We also constructed PPI networks containing these DEGs. Among the top 10 hub genes, namely HGF, PTHLH, CDH2, KLF4, WIF1, STC1, SLC7A5, IGLL5, STMN2, and GAP43, previous studies identified HGF as a multifunctional contributor to OA. On the one hand, HGF can promote synovial and vascular proliferation, leading to inflammation and osteophyte formation [20, 22, 31]; on the other hand, it supports bone and cartilage repair [21]. Other reports have described CDH2 polymorphisms and KLF4 as potentially associated with the development of OA [32, 33]. PTHLH has been identified primarily as a factor that promotes chondrocyte proliferation and inhibits chondrocyte hypertrophy and terminal differentiation [34, 35]. Few reports have described correlations of the remaining hub genes with OA.

Our bioinformatics analysis results and existing literature evidence led us to speculate that PTHLH is a diagnostic and predictive biomarker of OA. Our IHC analysis to validate the aberrant gain-of-expression of PTHLH in OA cartilage tissue confirmed the significantly increased PTHLH levels in OA cartilage tissues and chondrocytes relative to those in normal control samples. However, an ELISA-based experiment revealed a significantly higher PTHLH level in the plasma of healthy people than in the plasma of OA patients. We evaluated why the PTHLH level is higher in OA knee cartilage or chondrocytes than in their normal counterparts and why the plasma PTHLH level is lower in OA patients than in normal people and identified the following possible reasons. First, under normal circumstances, PTHLH (the protein encoded by PTHLH, also known as PTHrP) plays predominantly paracrine and/or autocrine roles [36]. PTHLH exerts paracrine actions that affect physiological homeostasis in many tissues and processes, including hair follicles, cartilage, vascular smooth muscle, bone, pancreas, mammary gland development, and tooth eruption [35]. The secretion of PTHLH in some tissues and organs, such as the vascular smooth muscle, was shown to decrease with aging [37], and most patients with OA tend to be older [5]. Second, chondrocytes and synovial tissues can produce PTLHL directly [38, 39]. Therefore, in the pathological state of OA, chondrocytes and synovial tissues may secrete more PTHLH to maintain their own cell activity (Fig. 7).

Fig. 7
figure 7

Flowchart of the study

Our study had some limitations.

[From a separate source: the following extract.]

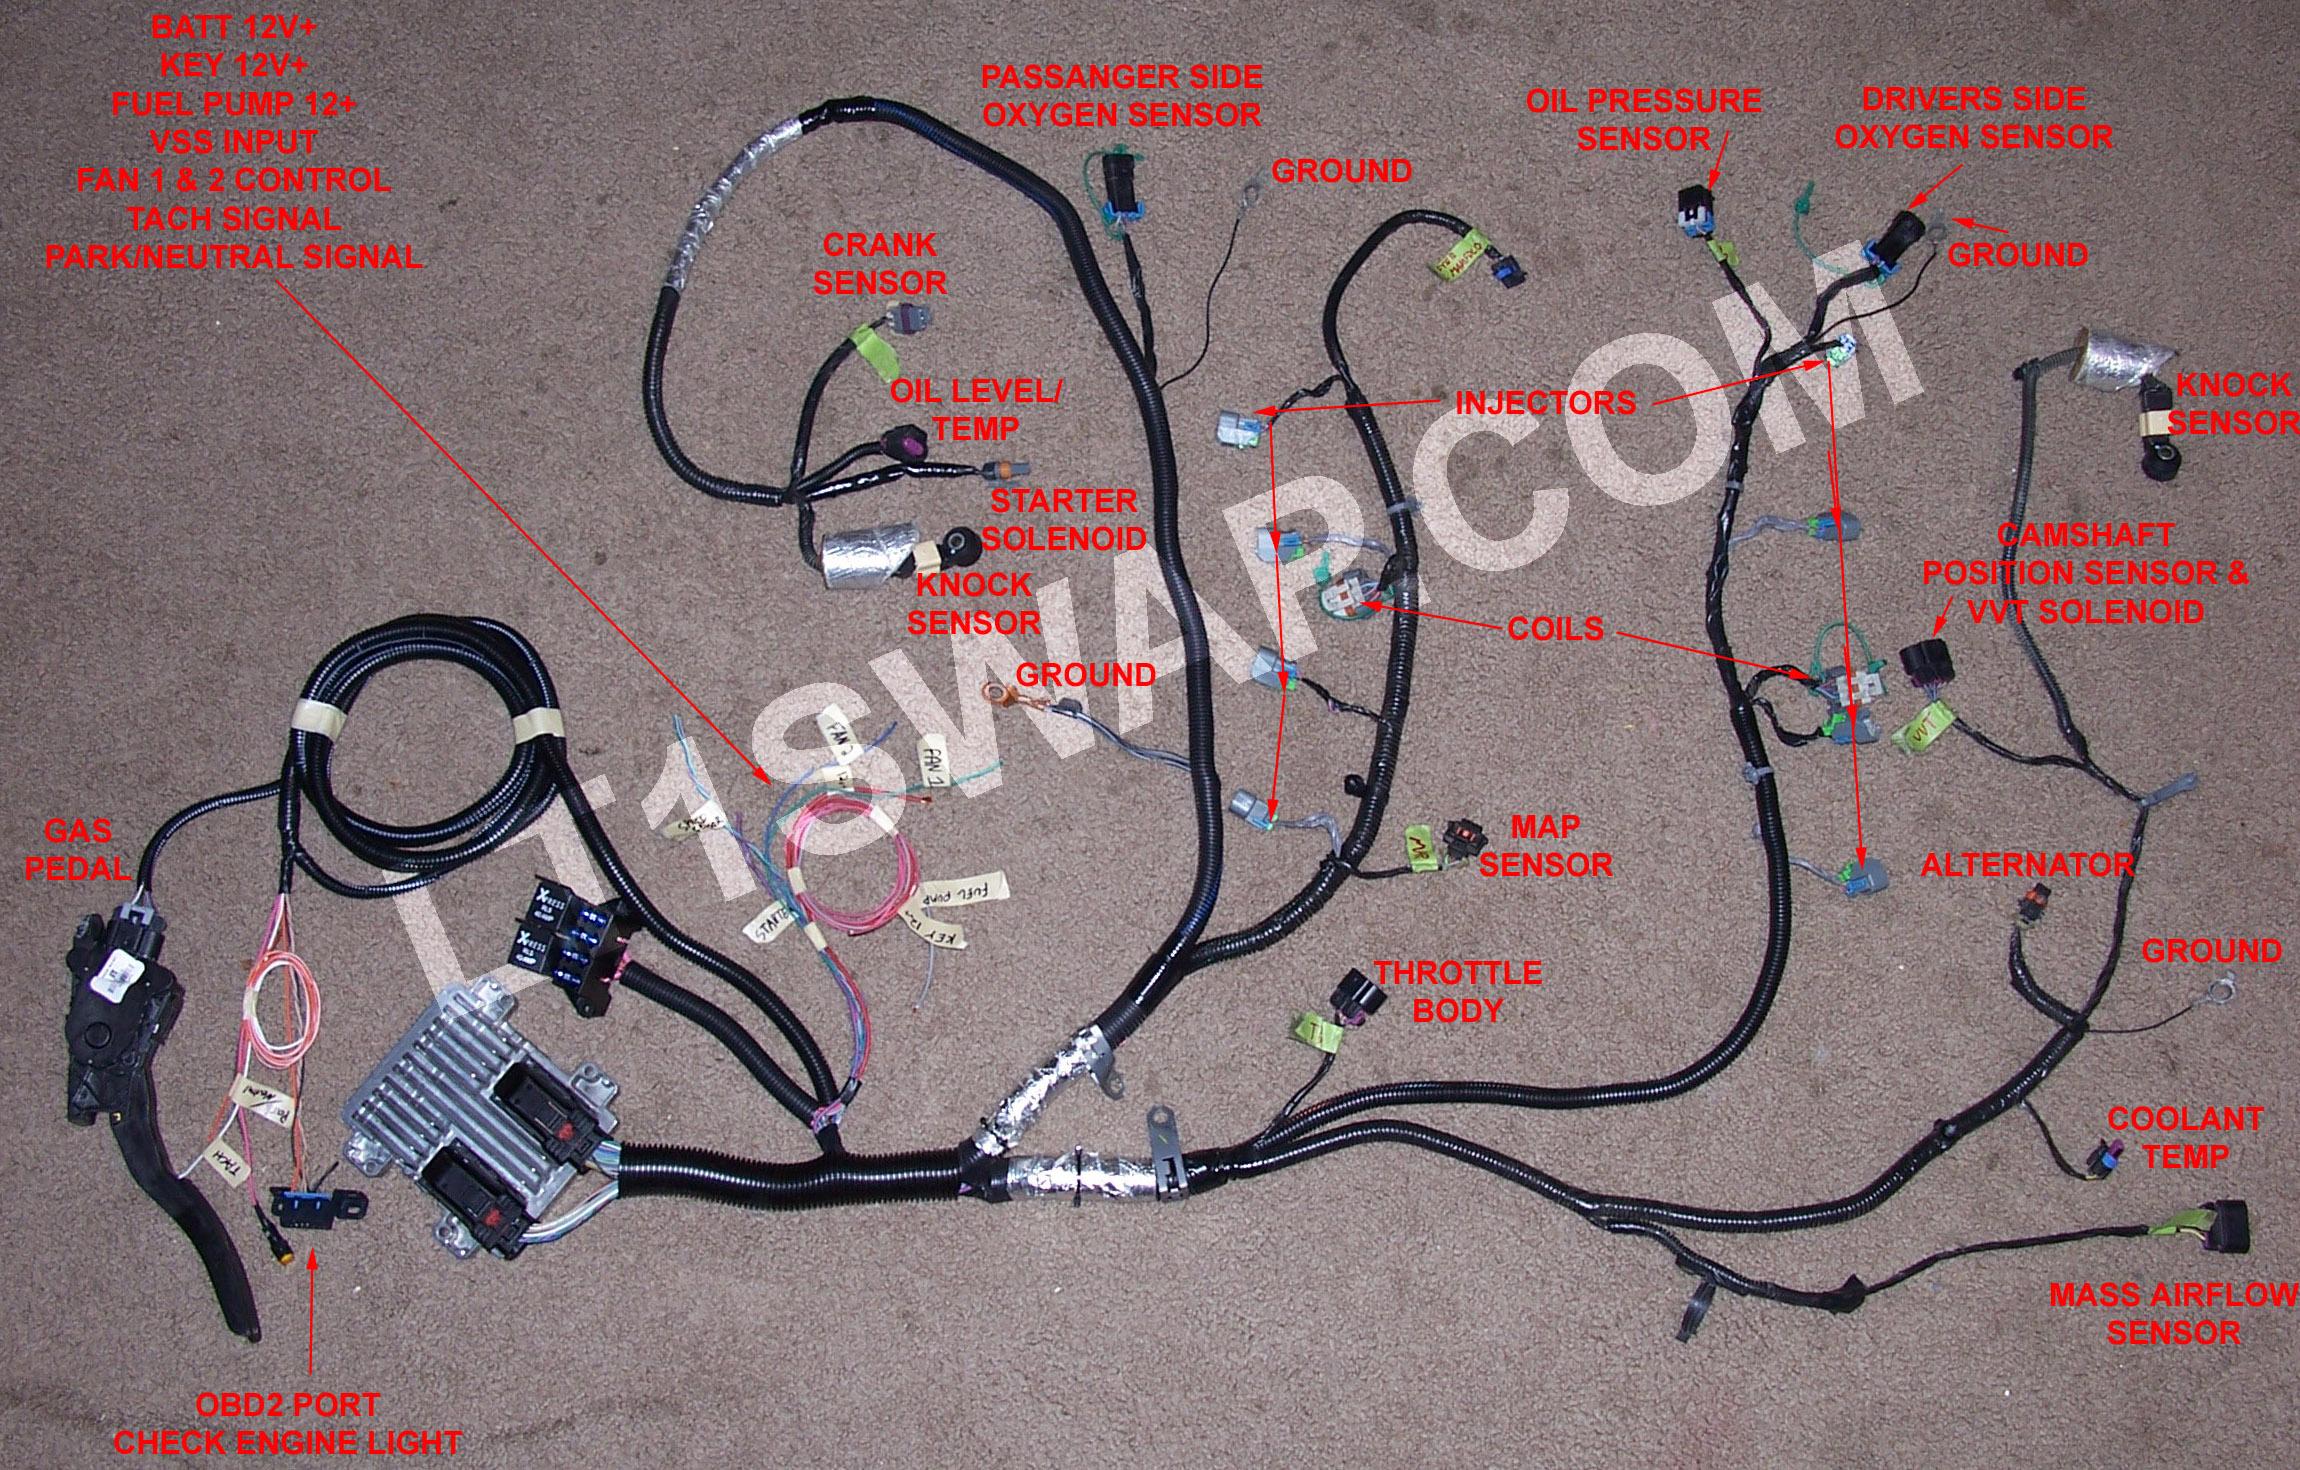 Lt1 Engine Wiring Harness Diagram - Ford Trailer Wiring Code List Data  Schematicsantuariomadredelbuonconsiglio.it
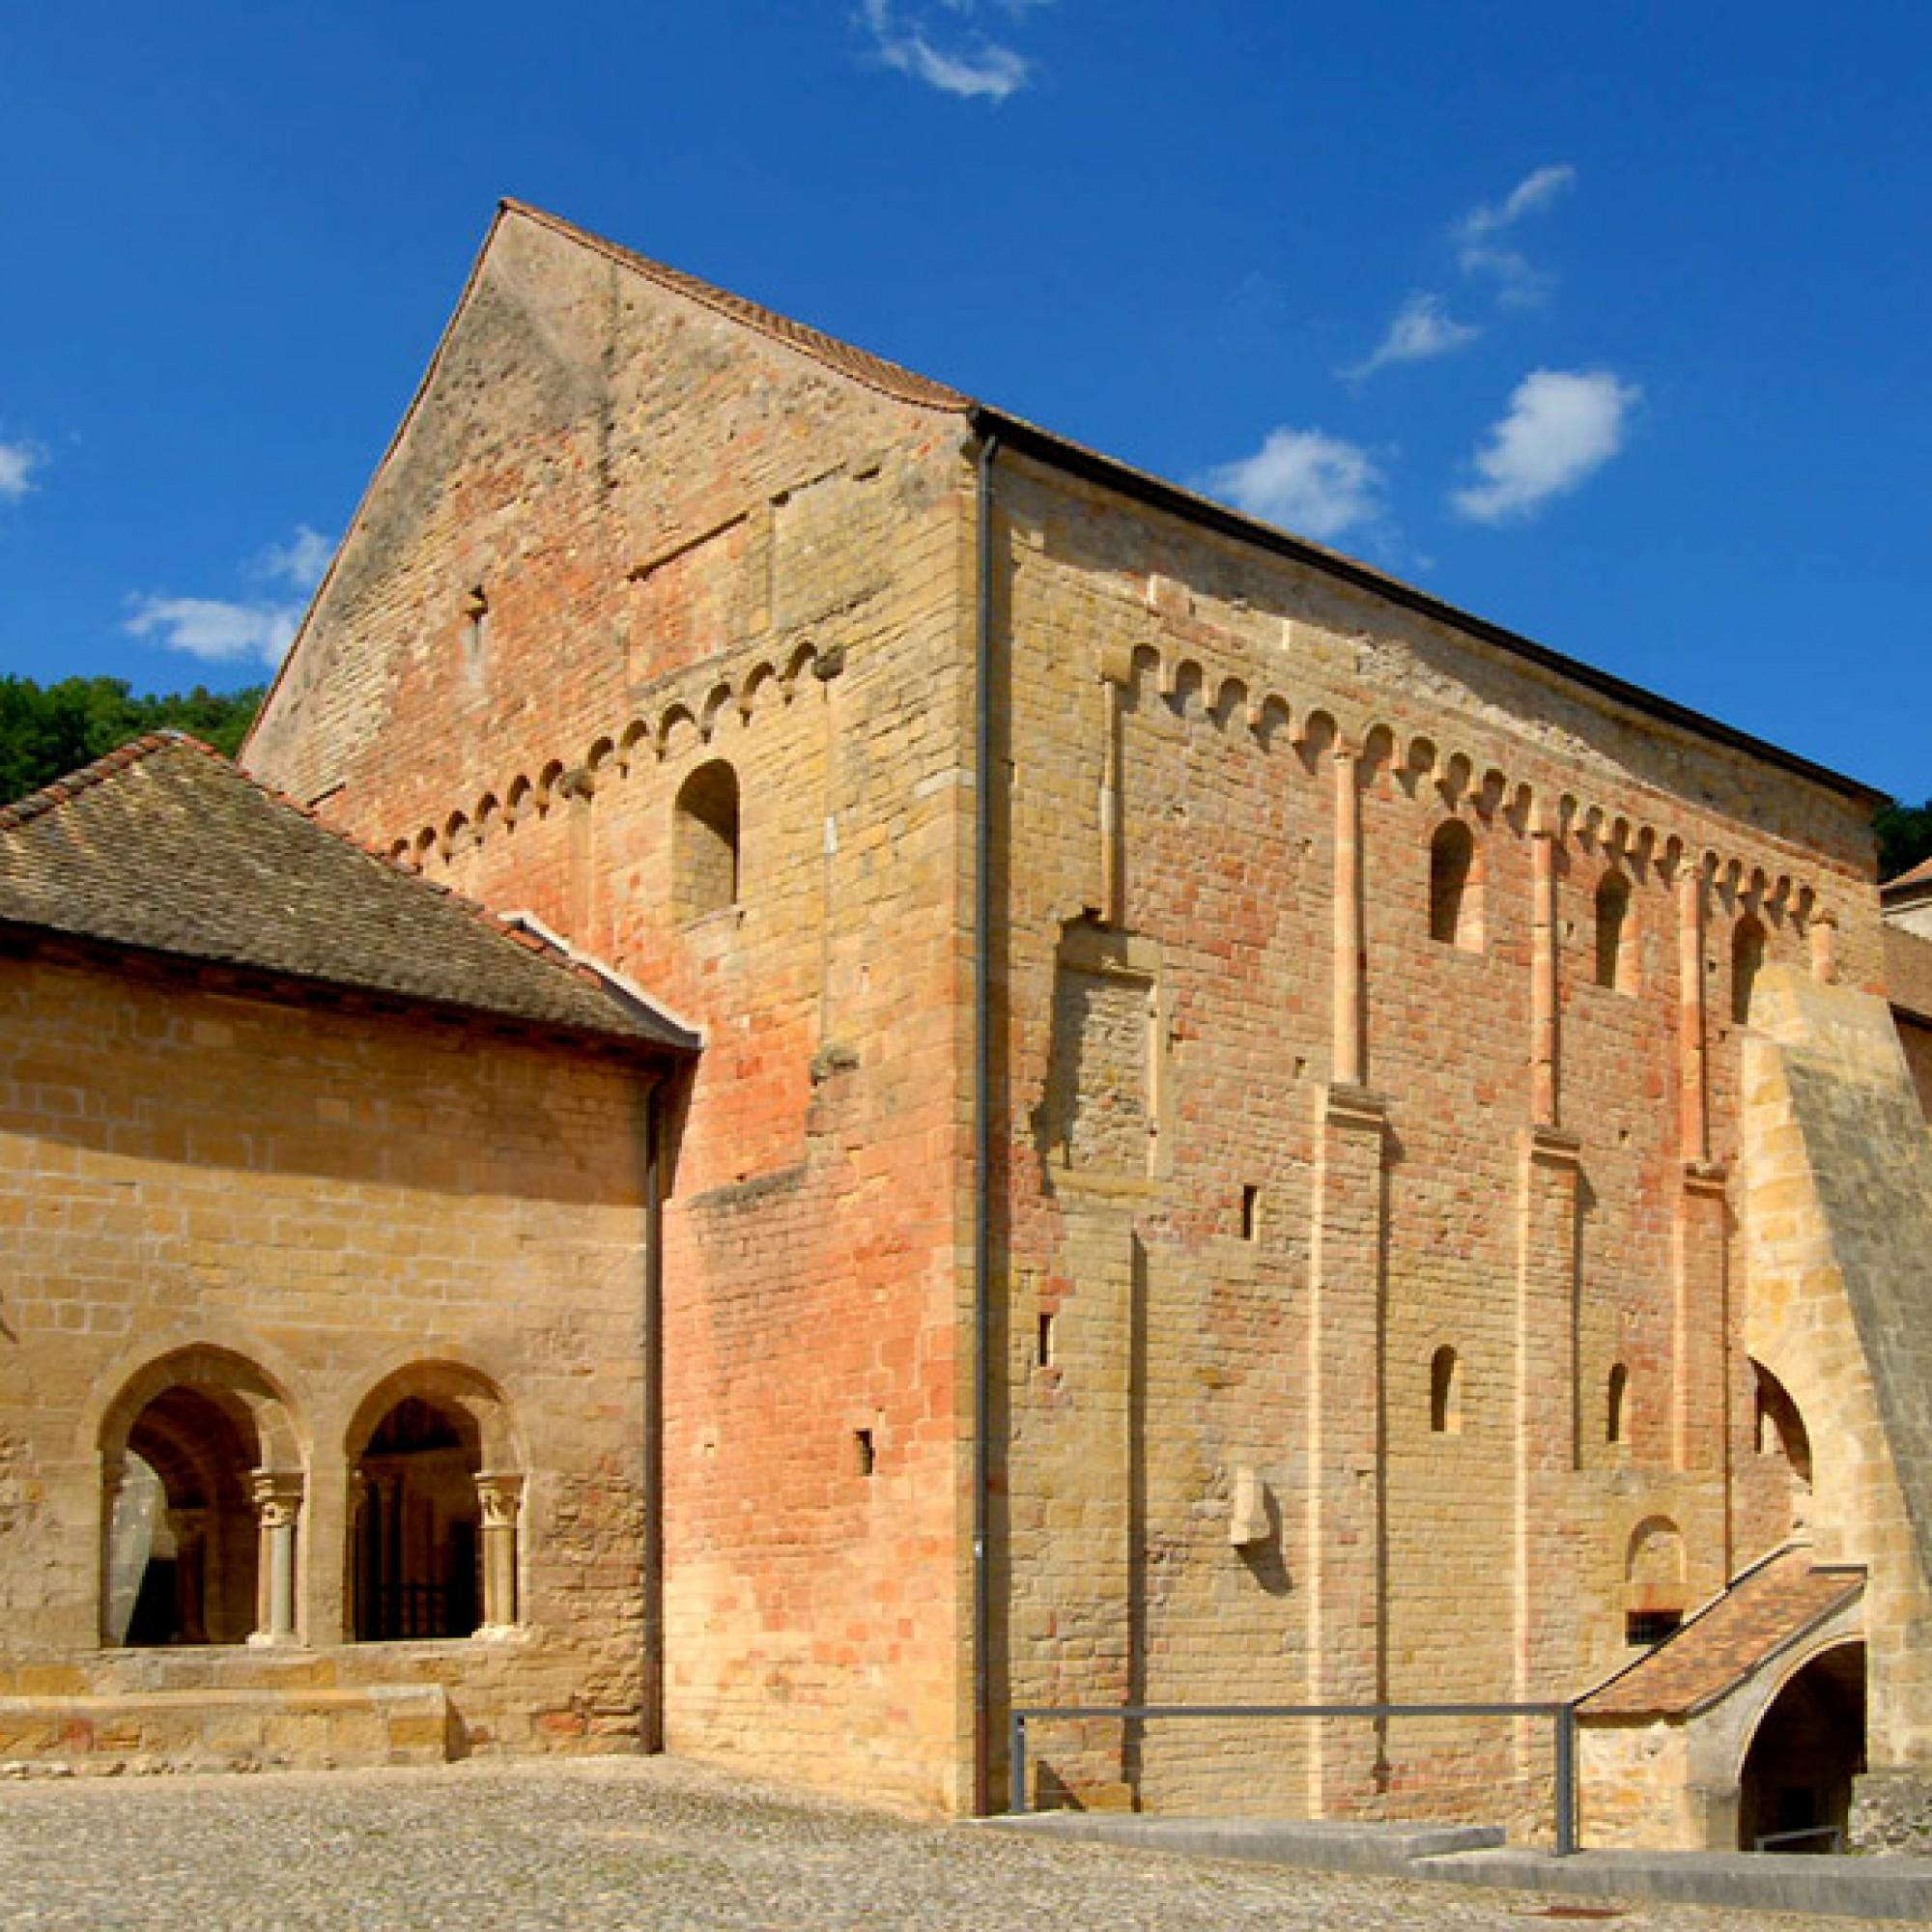 Singen hier die Engel? Kirche der Klosteranlage von Romainmôtier. (Loveless, wikimedia.org, CC)

Firstly, there were statistical differences in age and BMI between the OA group and the control group (Table 2 and Table 3). At present, there are few studies on BMI and PTHLH levels. We are not sure whether BMI will affect PTHLH level. We emphasize that the biggest weakness of the study is that we do not know if OA itself causes the differences or the differences of age and BMI in the groups. Therefore, we designed a study that can obviate this issue. In future experiments, we will collect clinical samples in groups according to different age stages and different BMI intervals, and expand the sample size as much as possible. Secondly, although our analysis included five public datasets, the sample size was relatively small. In addition, the sample size used to verify the PTHLH expression data was also relatively small. Further experimental studies with larger sample sizes are needed to confirm our results.

Conclusion

In summary, we used bioinformatics analysis to identify 20 DEGs between normal and OA cartilage tissues and identified PTHLH as the main upregulated gene in the resulting PPI network. Our findings indicate that PTHLH may serve as a potential therapeutic target.